Copy the data that appears below exactly. Drop the pictures.

PROVIDED DATA.
________________
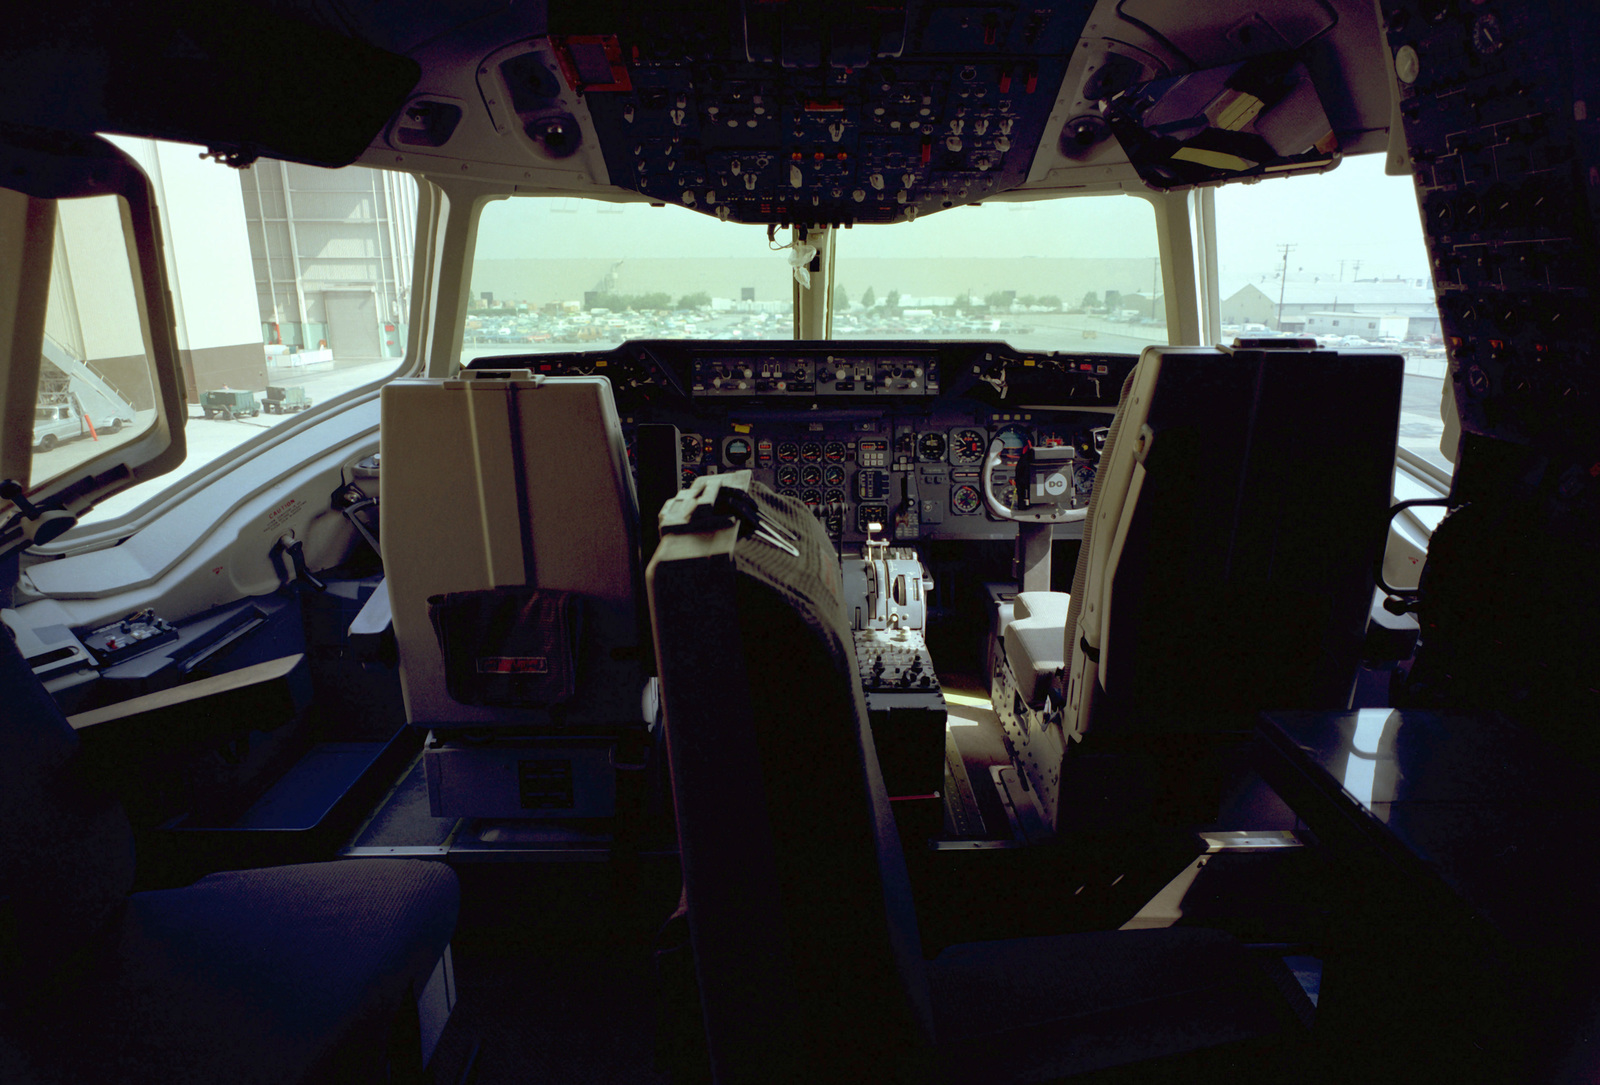 AN interior view of the cockpit of a KC-10A Extender aircraft
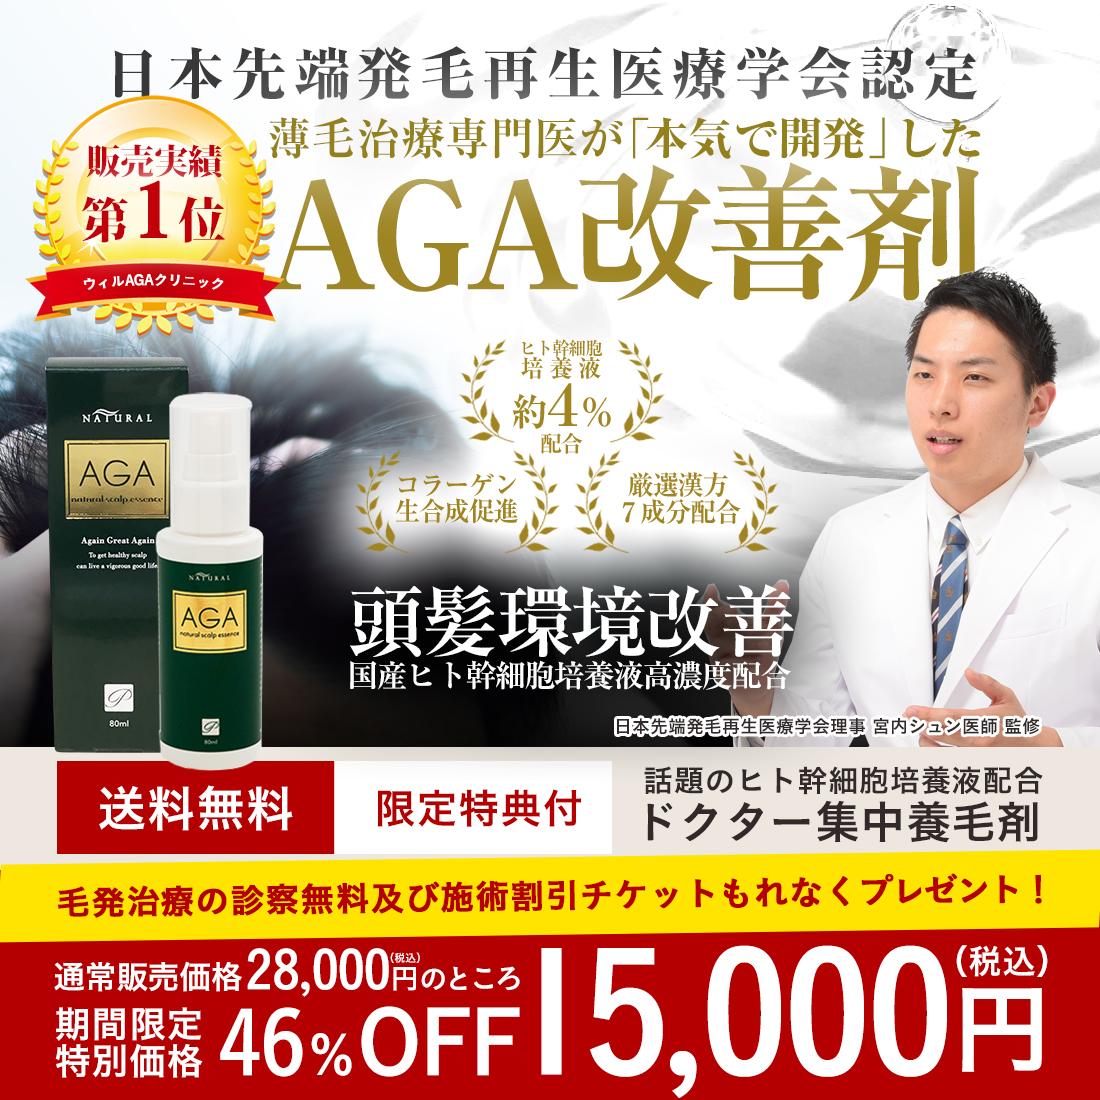 AGA監修 ドクター集中養毛剤 話題のヒト幹細胞培養液配合 AGAスカルプエッセンス 【80ml】
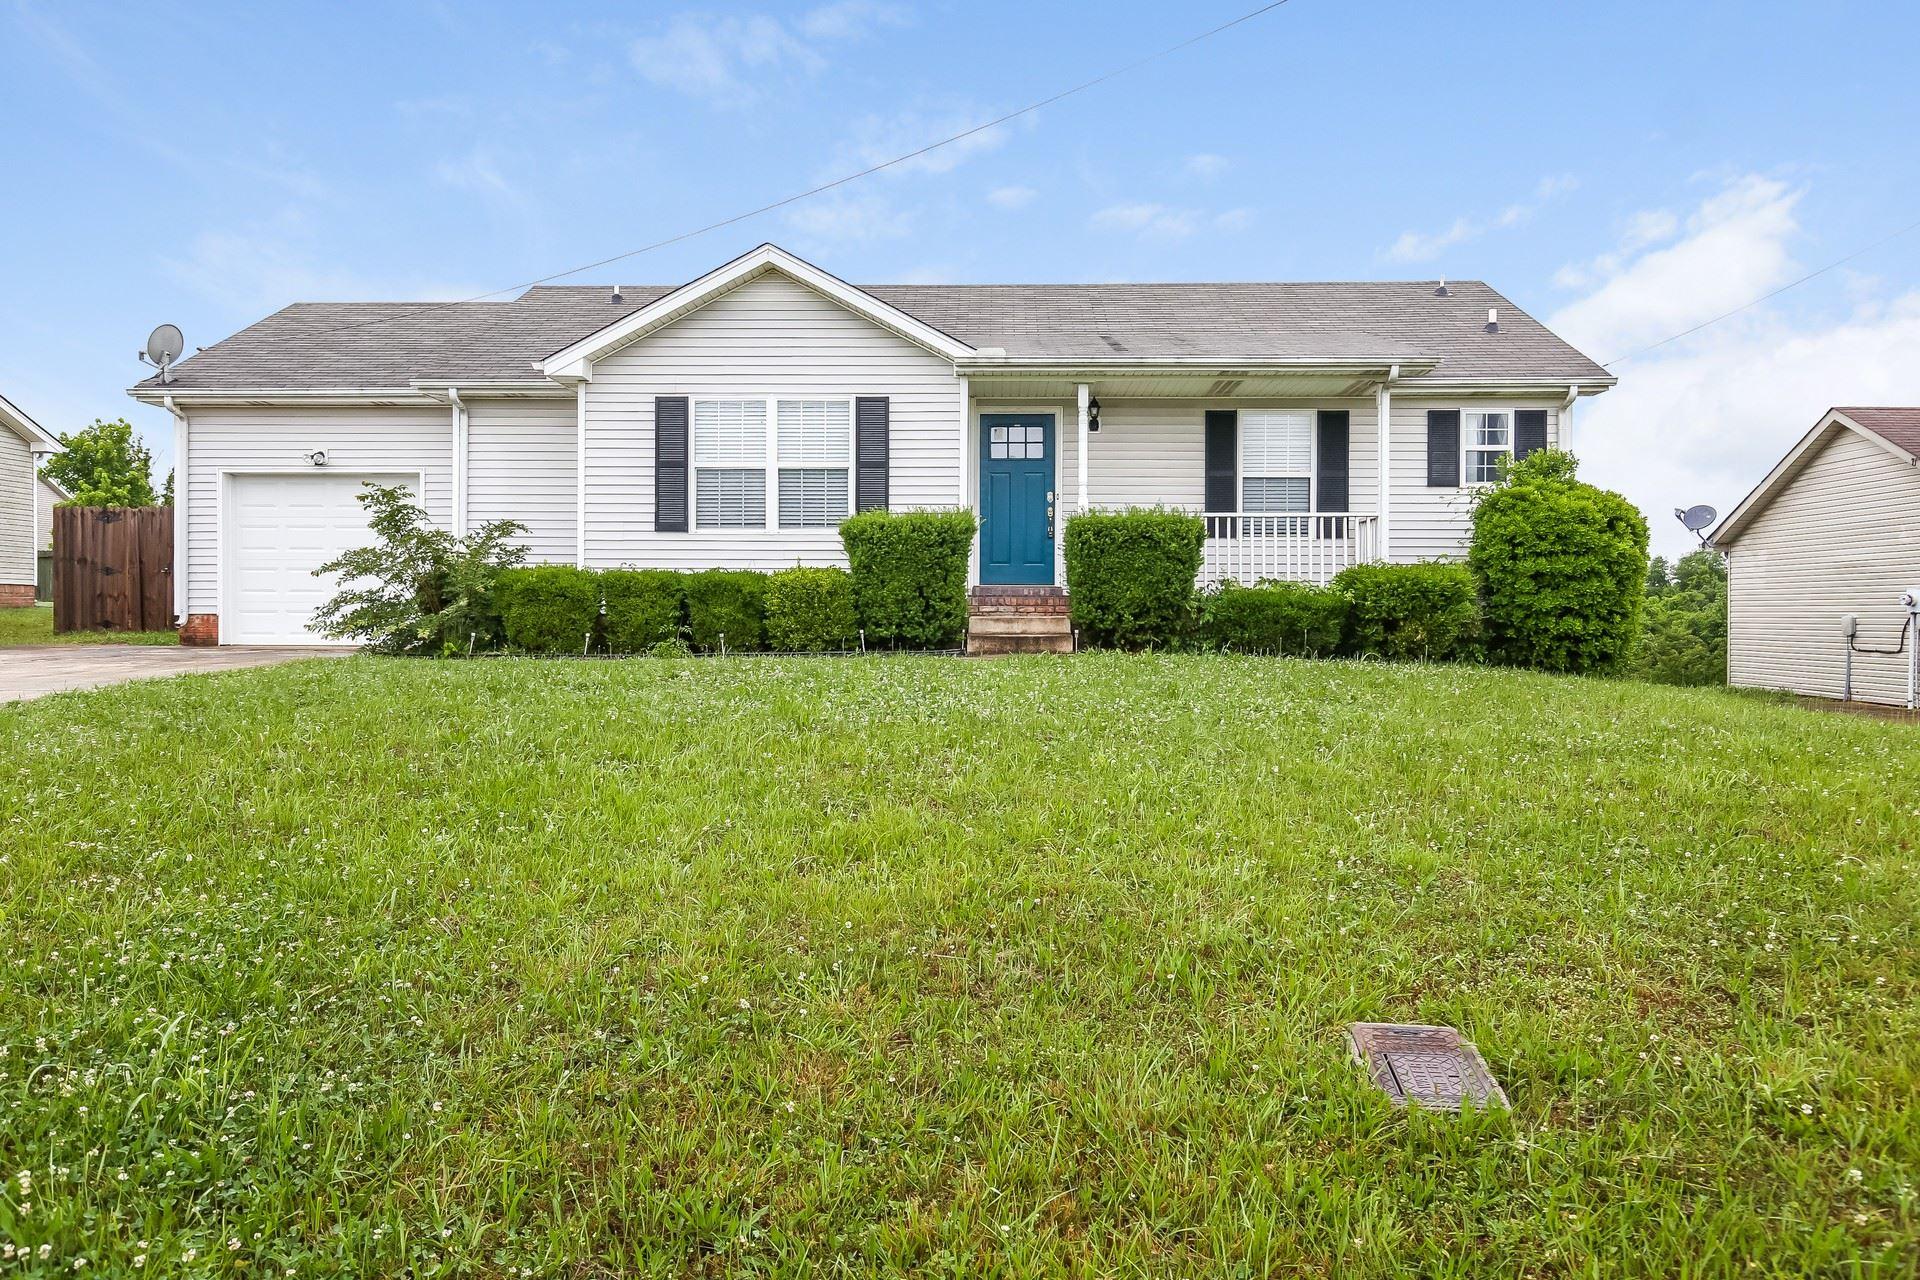 1324 Burchett Dr, Clarksville, TN 37042 - MLS#: 2261027
________________
OUTPUT BELOW.
 AN interior view of the cockpit of a KC-10A Extender aircraft
 AGA監修 ドクター集中養毛剤 話題のヒト幹細胞培養液配合 AGAスカルプエッセンス 【80ml】
 1324 Burchett Dr, Clarksville, TN 37042 - MLS#: 2261027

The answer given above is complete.